JDK-8267652 : c2 loop unrolling by 8 results in reading memory past array
  • Type: Bug
  • Component: hotspot
  • Sub-Component: compiler
  • Affected Version: 11,13,15.0.2,16,17
  • Priority: P2
  • Status: Resolved
  • Resolution: Fixed
  • OS: generic
  • CPU: x86
  • Submitted: 2021-05-24
  • Updated: 2025-01-29
  • Resolved: 2021-06-22
The Version table provides details related to the release that this issue/RFE will be addressed.

Unresolved : Release in which this issue/RFE will be addressed.
Resolved: Release in which this issue/RFE has been resolved.
Fixed : Release in which this issue/RFE has been fixed. The release containing this fix may be available for download as an Early Access Release or a General Availability Release.

To download the current JDK release, click here.
JDK 11 JDK 15 JDK 17 JDK 18
11.0.14-oracleFixed 15.0.5Fixed 17 b28Fixed 18Fixed
Related Reports
Relates :  
Description
I have found a bug in c2 (x86_64/AVX2), which can be reproduced on latest ojdk17.

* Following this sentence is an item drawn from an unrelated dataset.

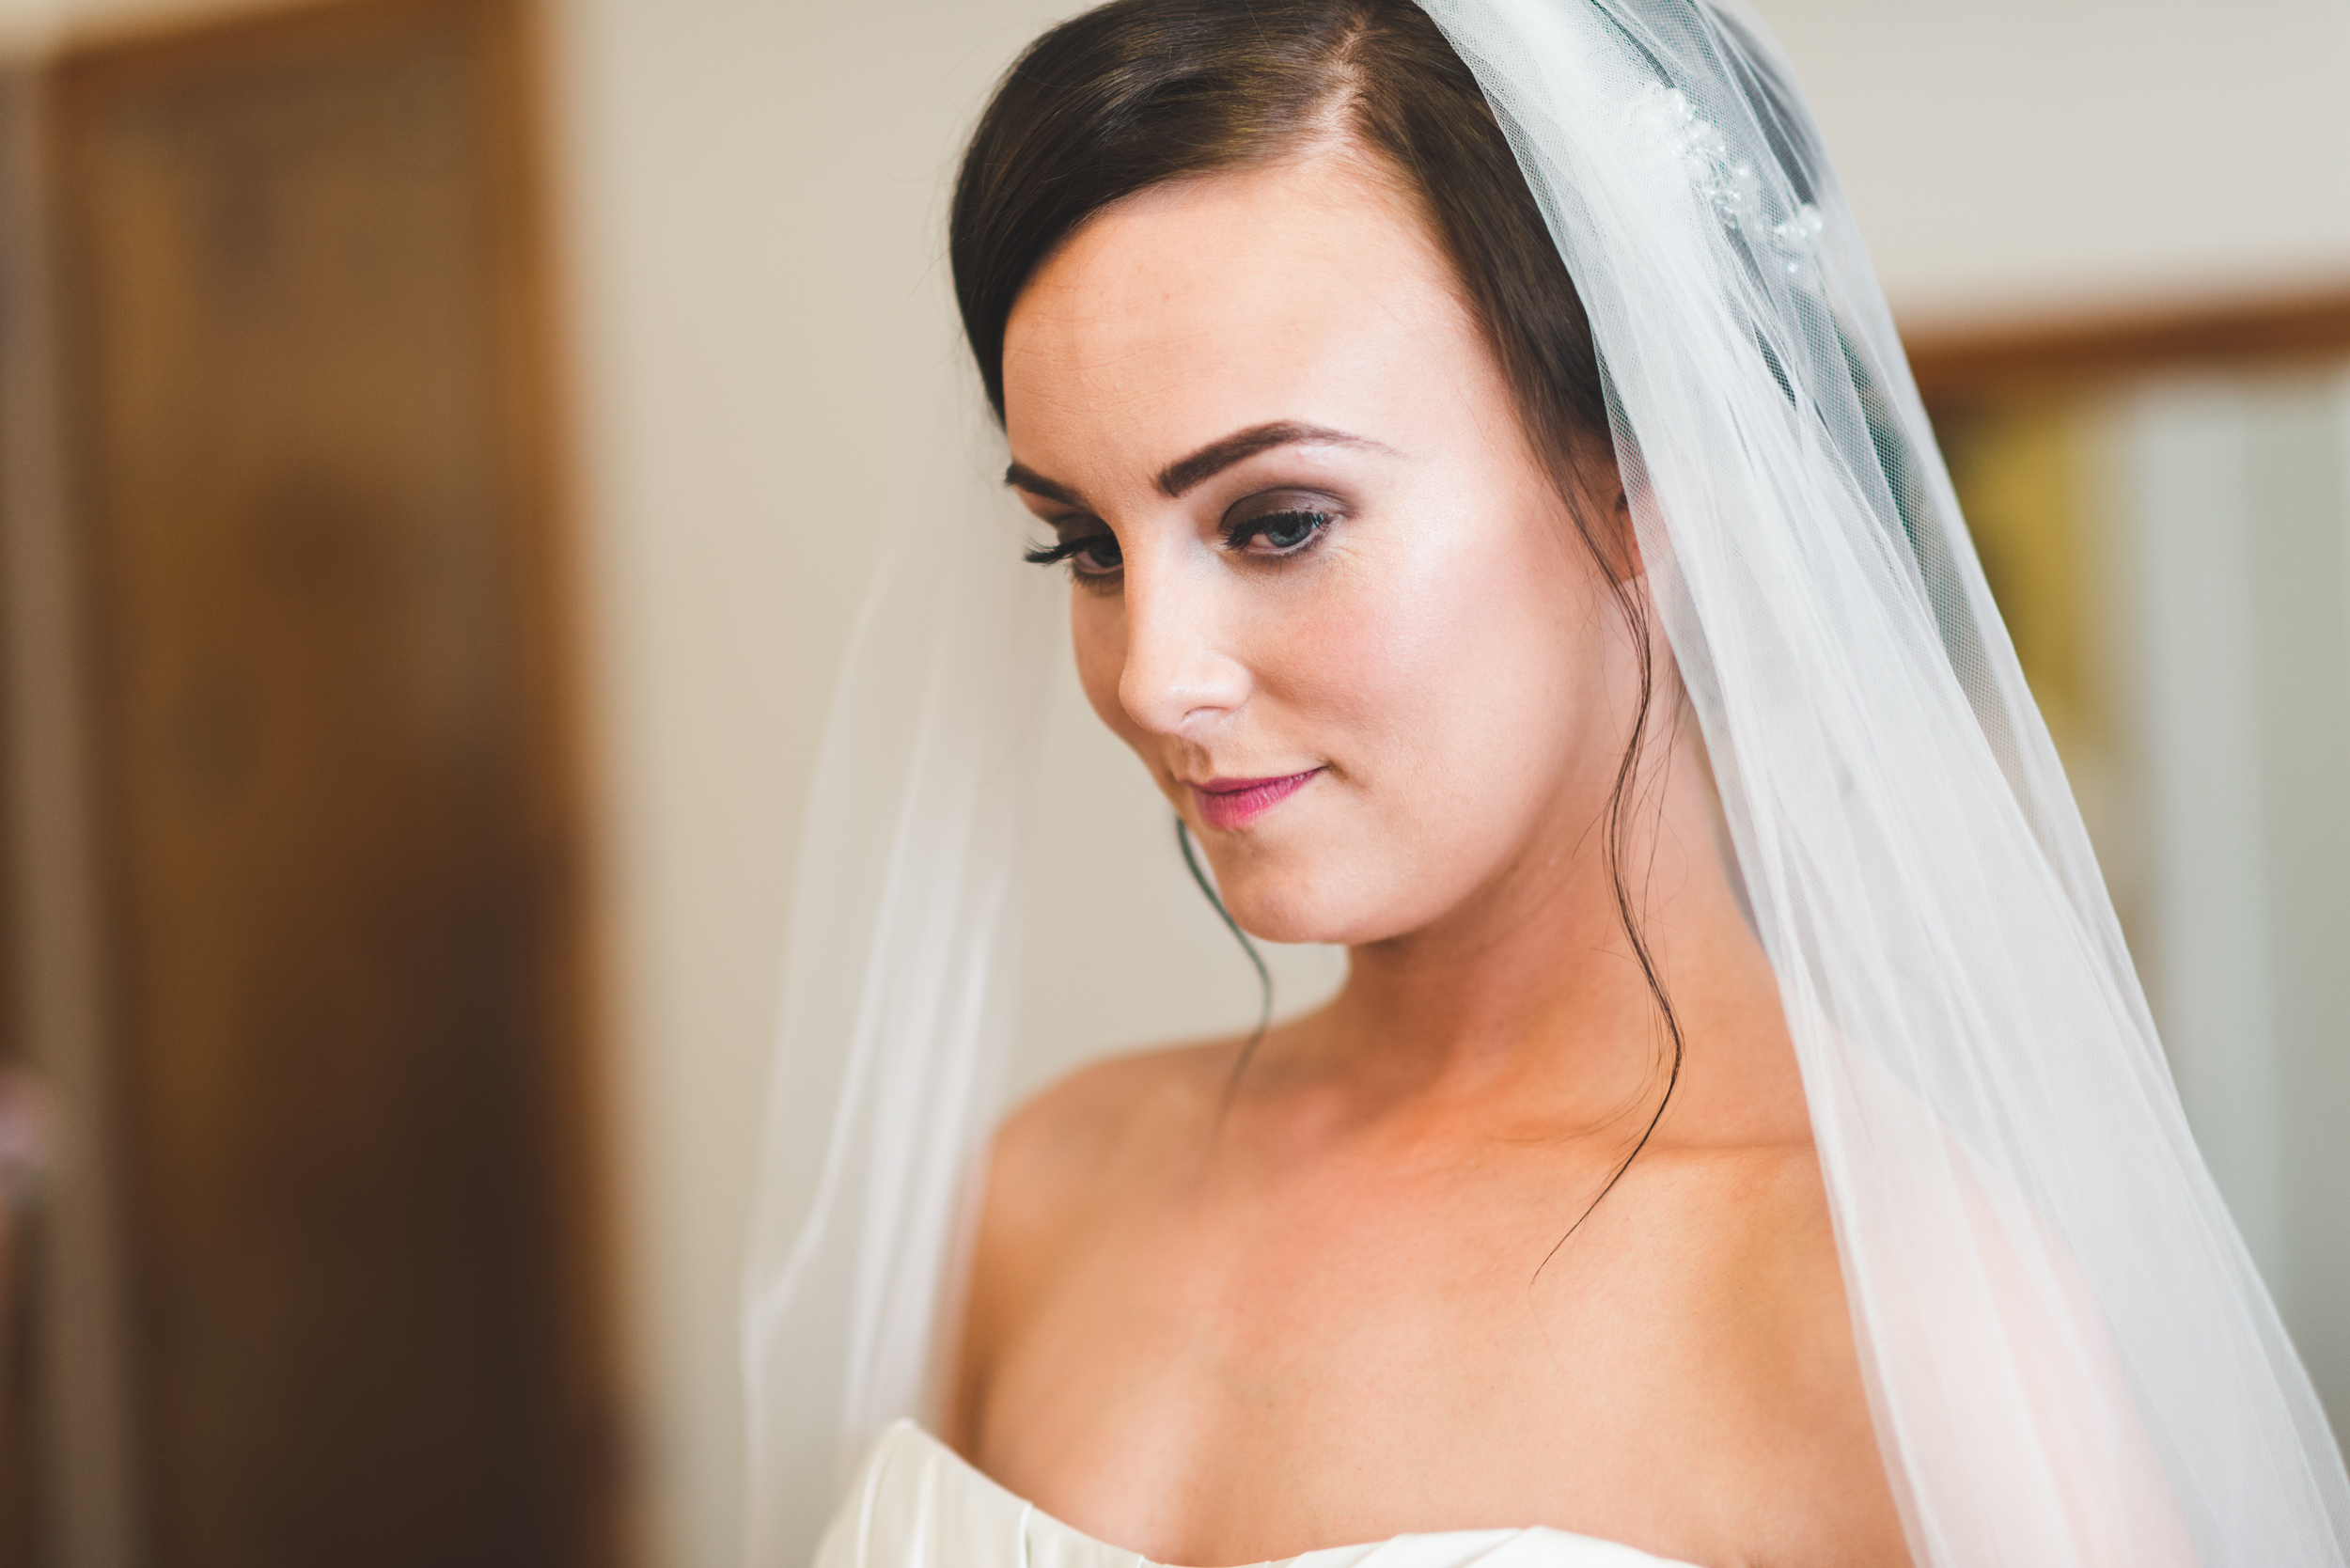 Northern_Ireland_Wedding_Photographer_Purephotoni_Dunsilly_Hotel_Bride_Ready

running java with these options:
-XX:UseAVX=2 -XX:LoopMaxUnroll=8
emits following code

   vmovq  0x10(%r8,%rdi,1),%xmm0  <-  read 8 bytes from byteArray1(r8)
   vpxor  0x10(%r11,%rdi,1),%xmm0,%xmm0 <- read 16 bytes from byteArray2 (r11) and xor them with xmm0
   vmovq  %xmm0,0x10(%r12,%rdi,1)      ;*bastore {reexecute=0 rethrow=0 return_oop=0}  <- write 8 bytes to byteArray3 (r12)
                                                            ; - repro::xor_array@18 (line 10)
   add    $0x8,%ebx                    ;*iinc {reexecute=0 rethrow=0 return_oop=0}
                                                            ; - repro::xor_array@19 (line 10)
   cmp    %esi,%ebx

the problem is vpxor reading 16 bytes, not 8 bytes like vmovq before it.
it may sound like not a big deal, except one case, when there are no mapped memory after byteArray pointed by %r11, then vpxor will try to access unmapped memory and crash with seg fault.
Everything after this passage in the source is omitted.